### Your task:
Write out, please, each line from the one containing "VILA Stripe Lightweight" to the final line of the data, both included, exactly and without pictures.

### Supplied information:
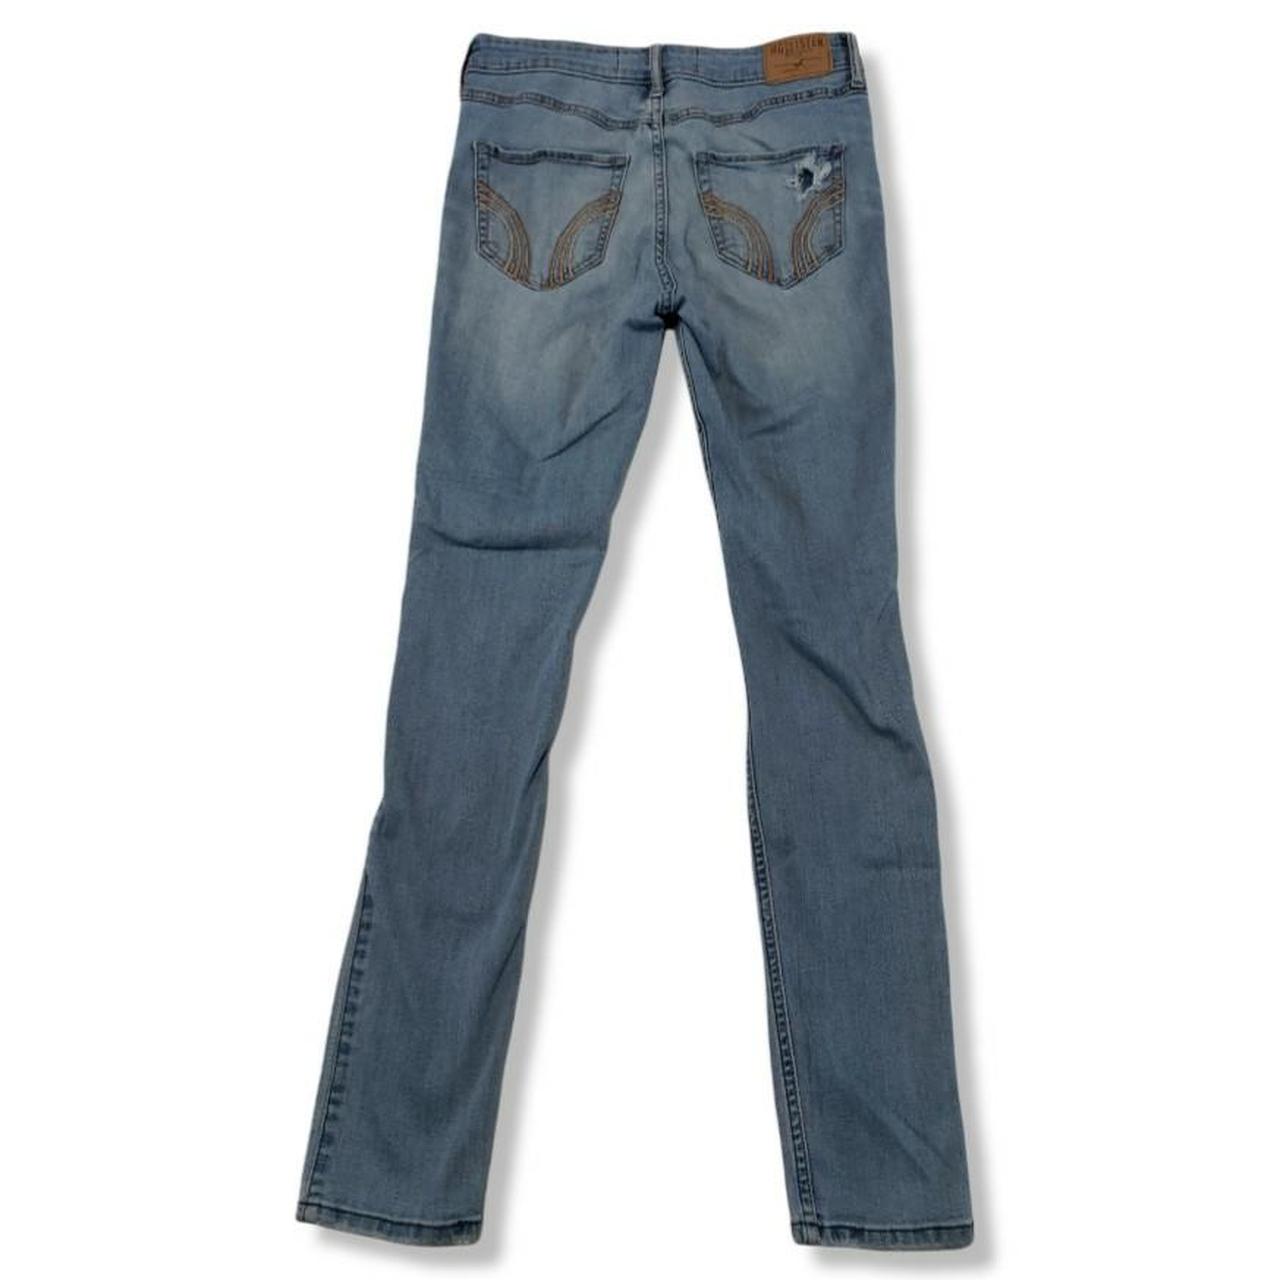 Buy the Hollister Women Blue Denim Jeans 00R NWT
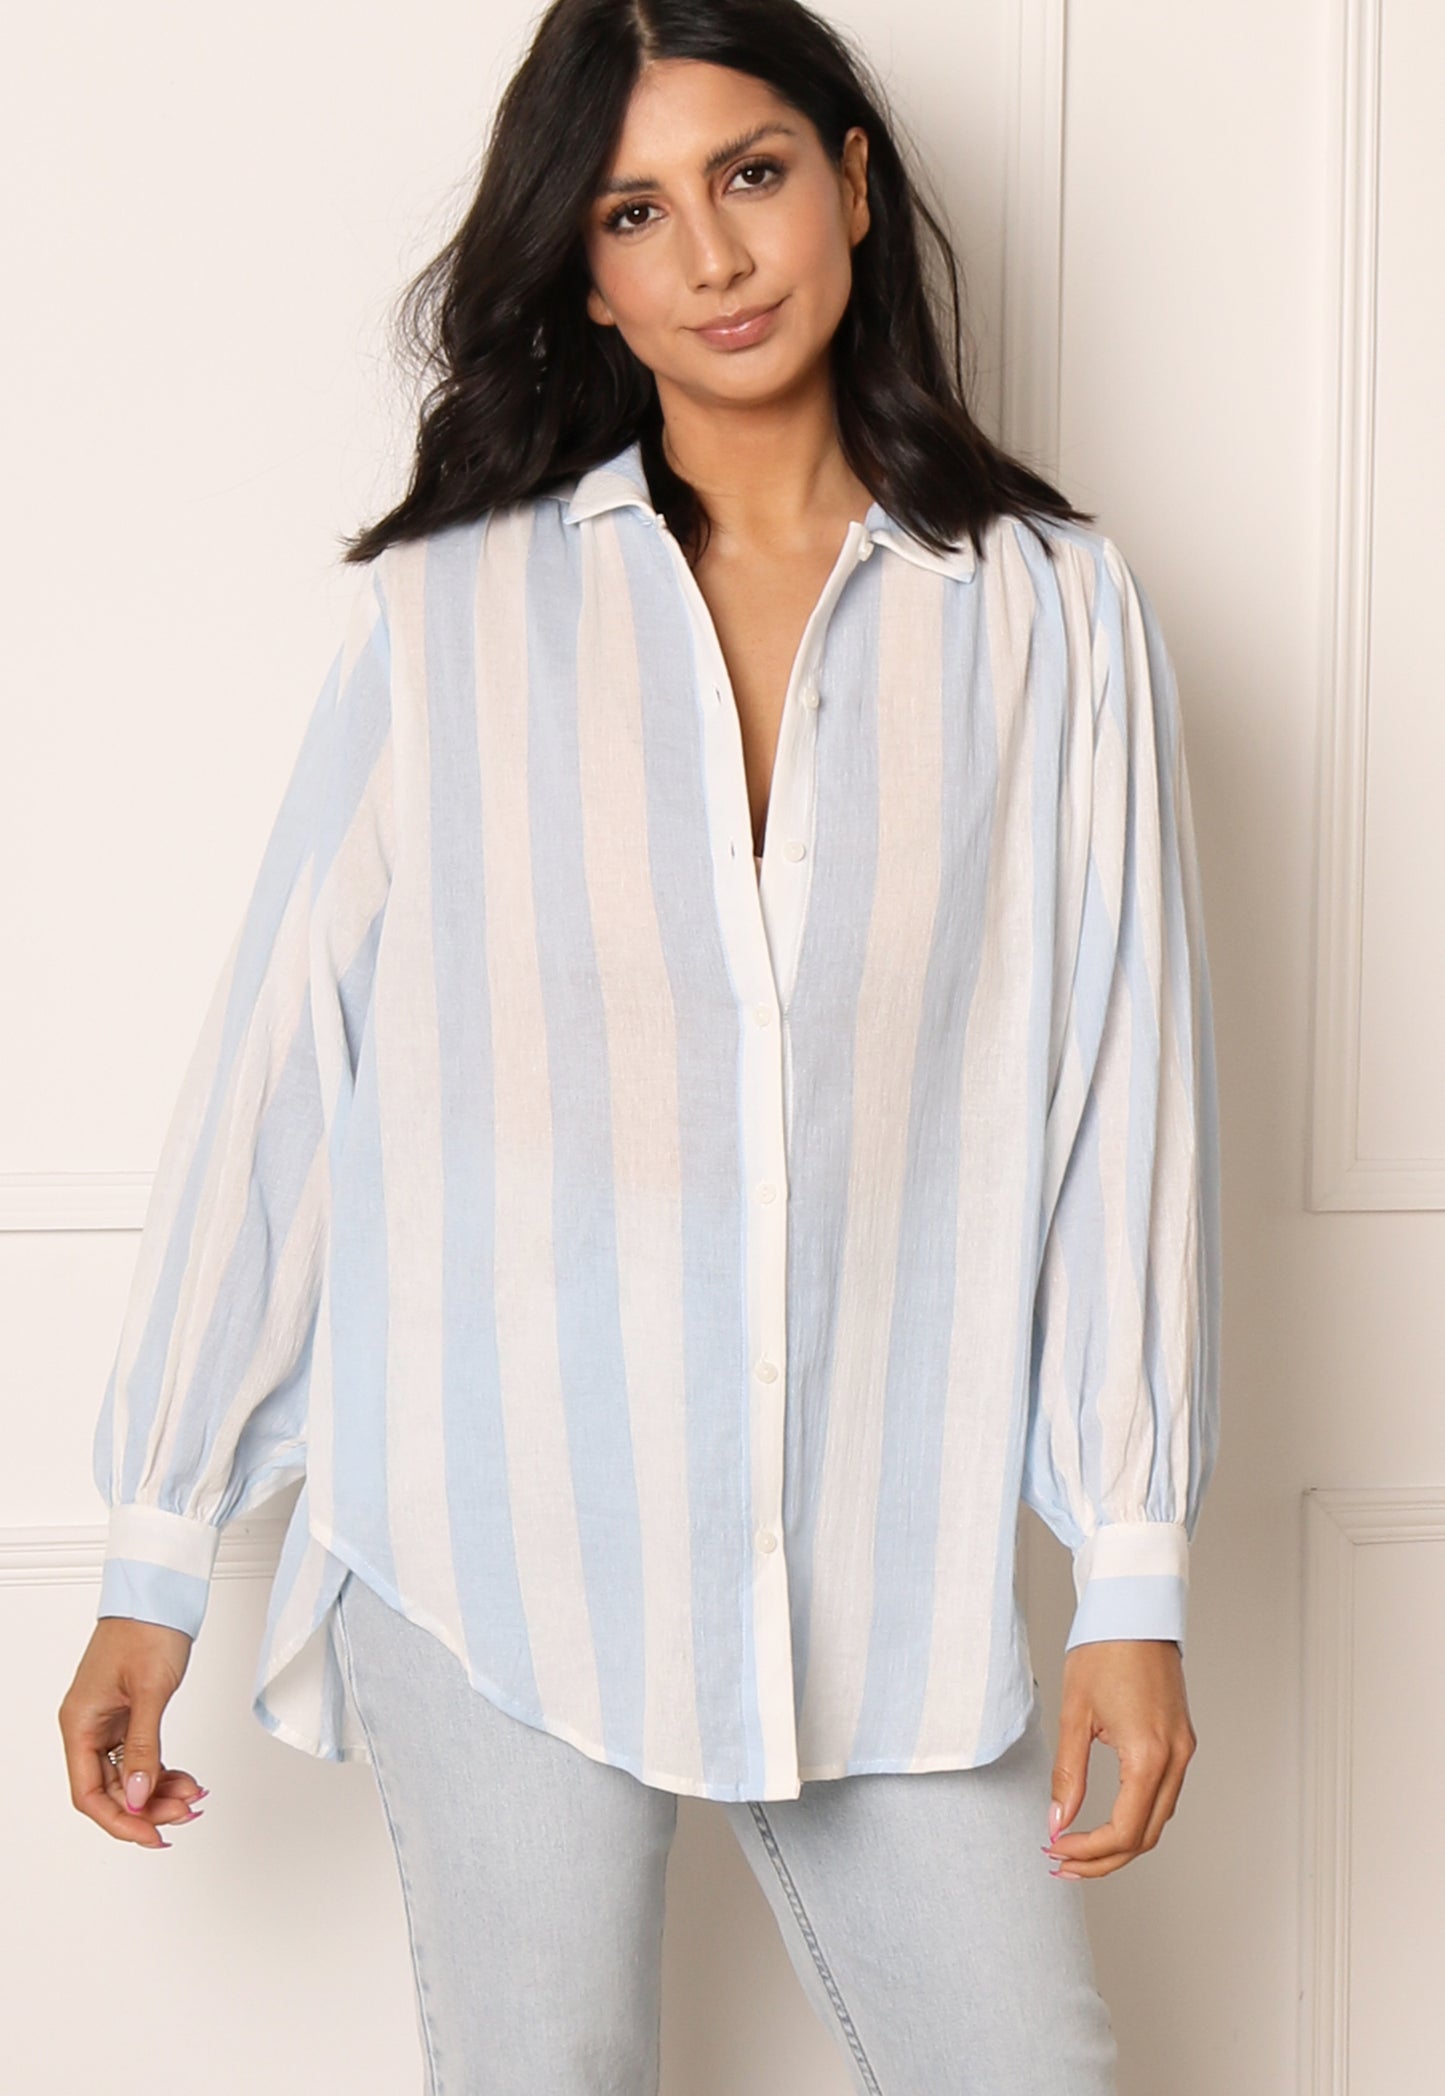 VILA Stripe Lightweight Oversized Cotton Shirt in Blue & White - concretebartops
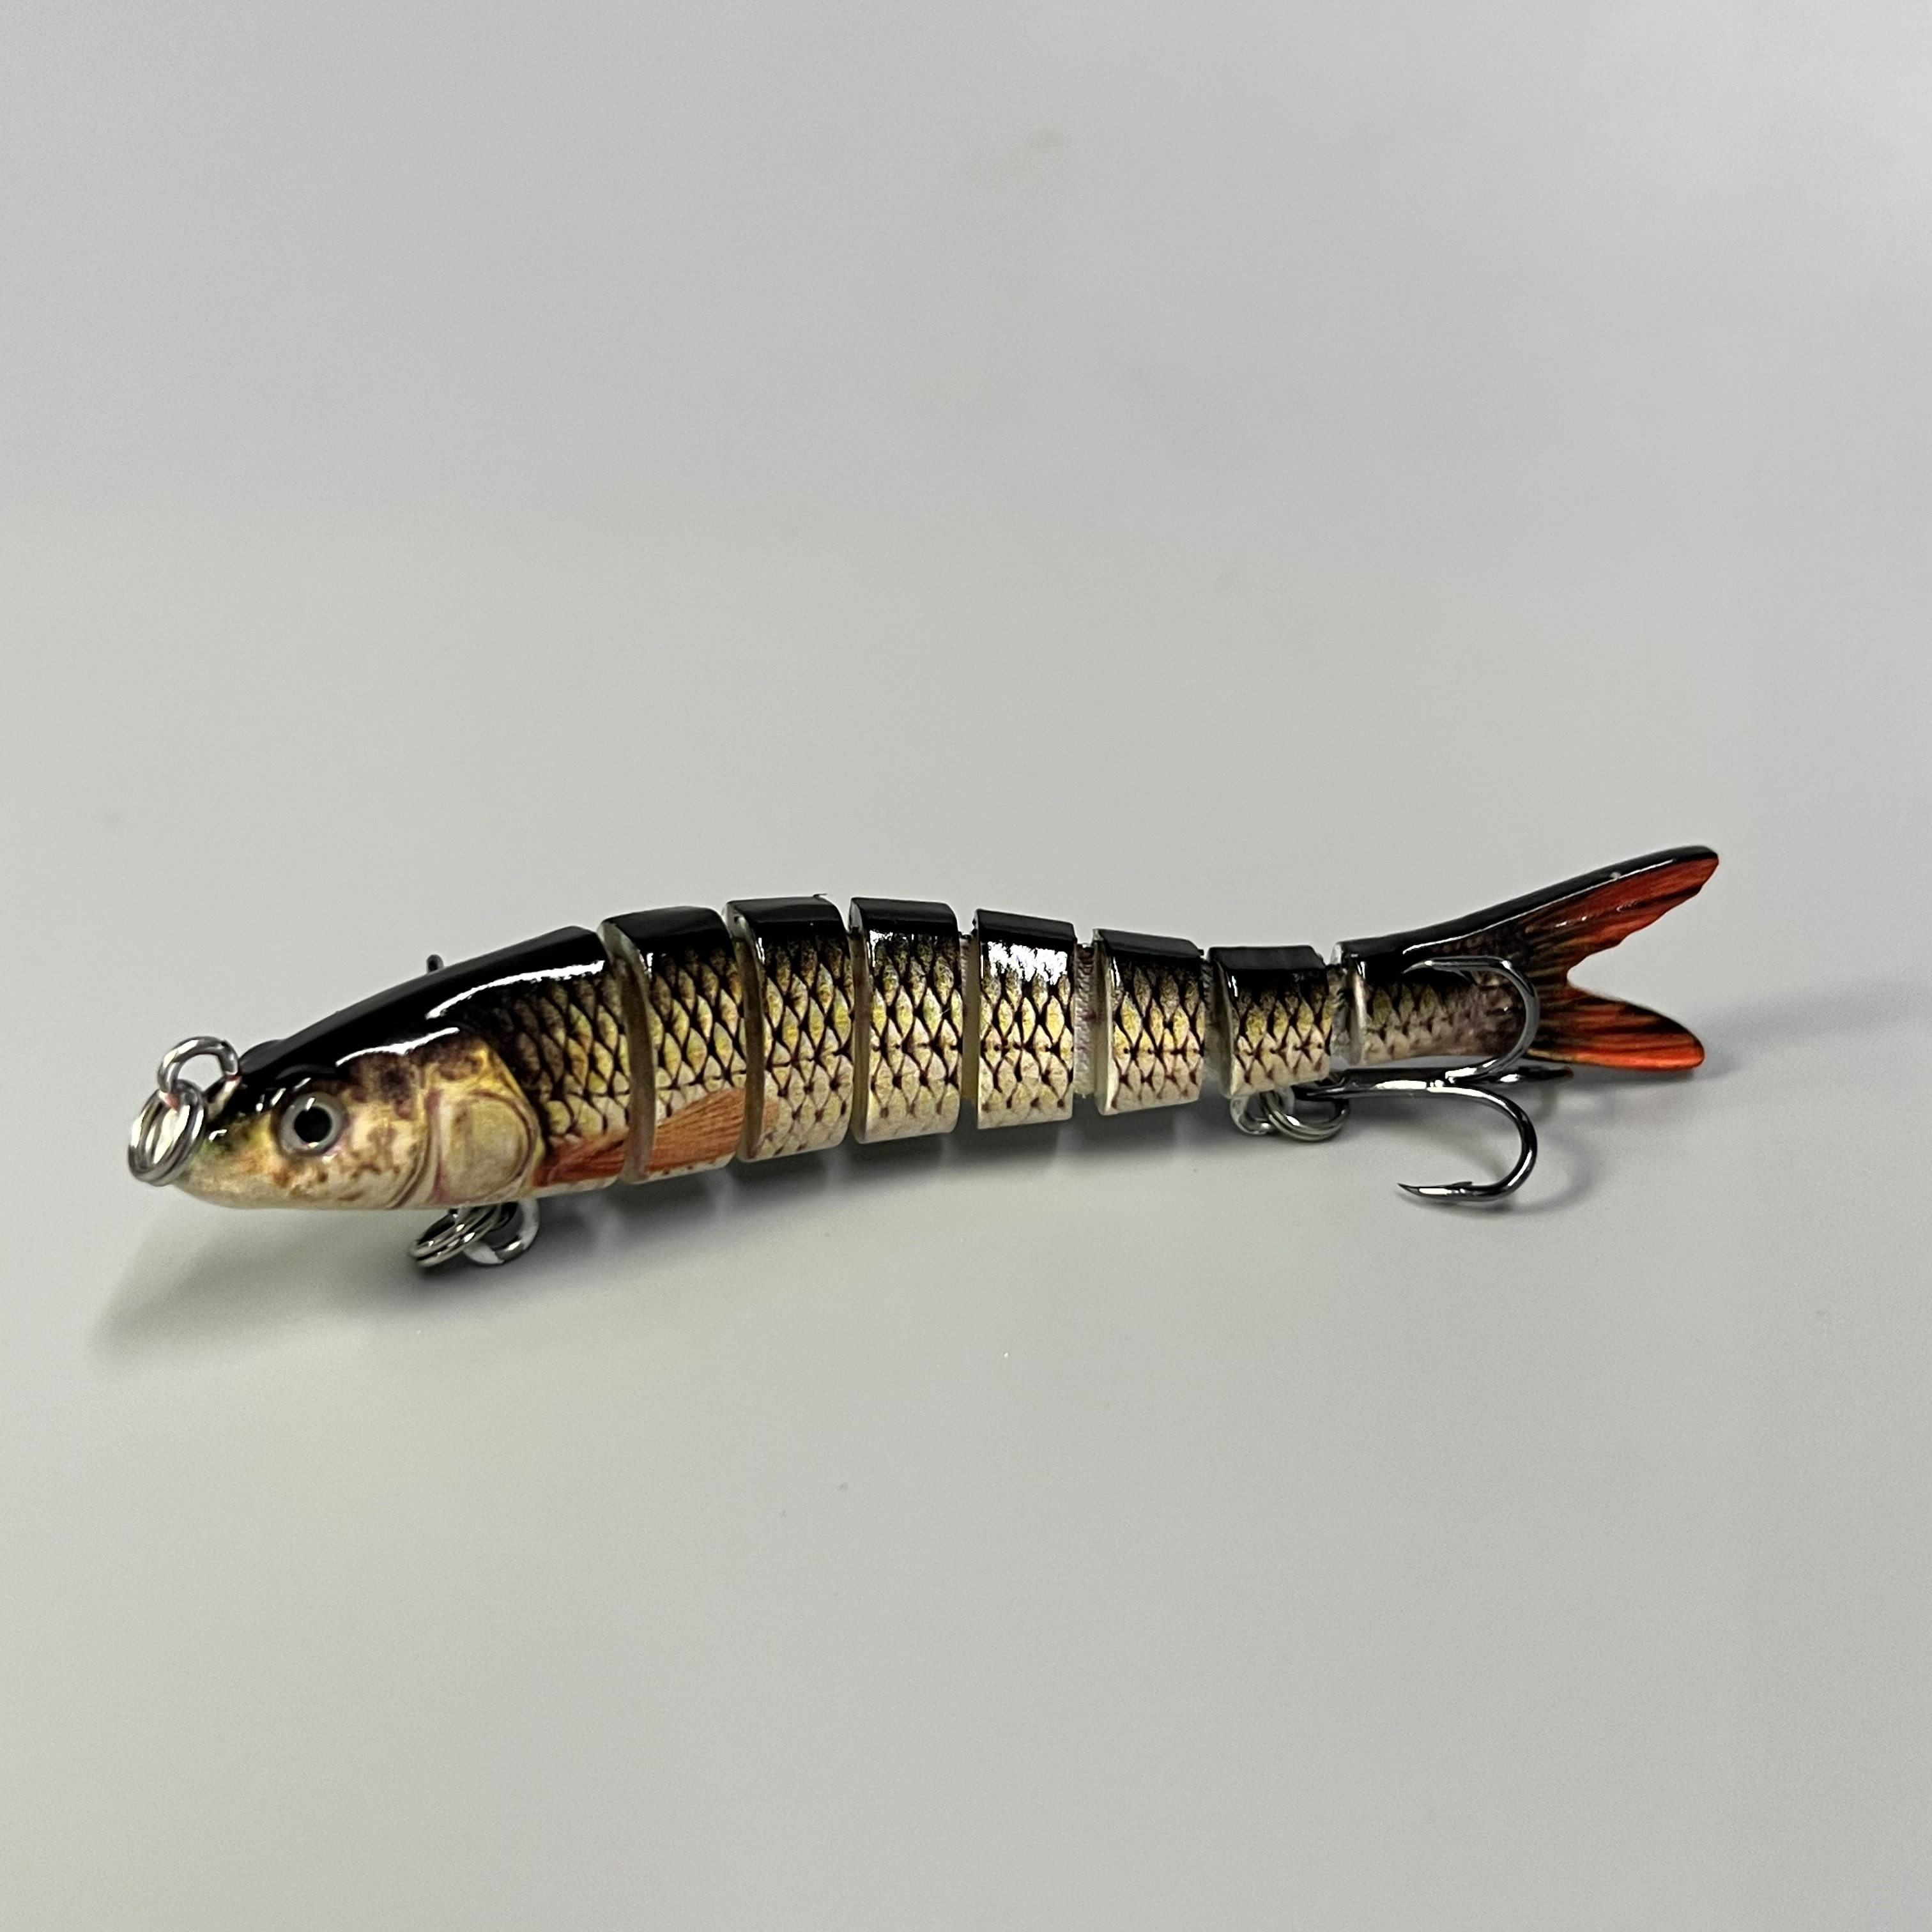 5PCS/SET JOINTED FISHING Lures 13.7cm/27g Wobblers Swimbait Hard Bait  8-Segment $21.99 - PicClick AU

### Result for this task:
 VILA Stripe Lightweight Oversized Cotton Shirt in Blue & White - concretebartops
 5PCS/SET JOINTED FISHING Lures 13.7cm/27g Wobblers Swimbait Hard Bait  8-Segment $21.99 - PicClick AU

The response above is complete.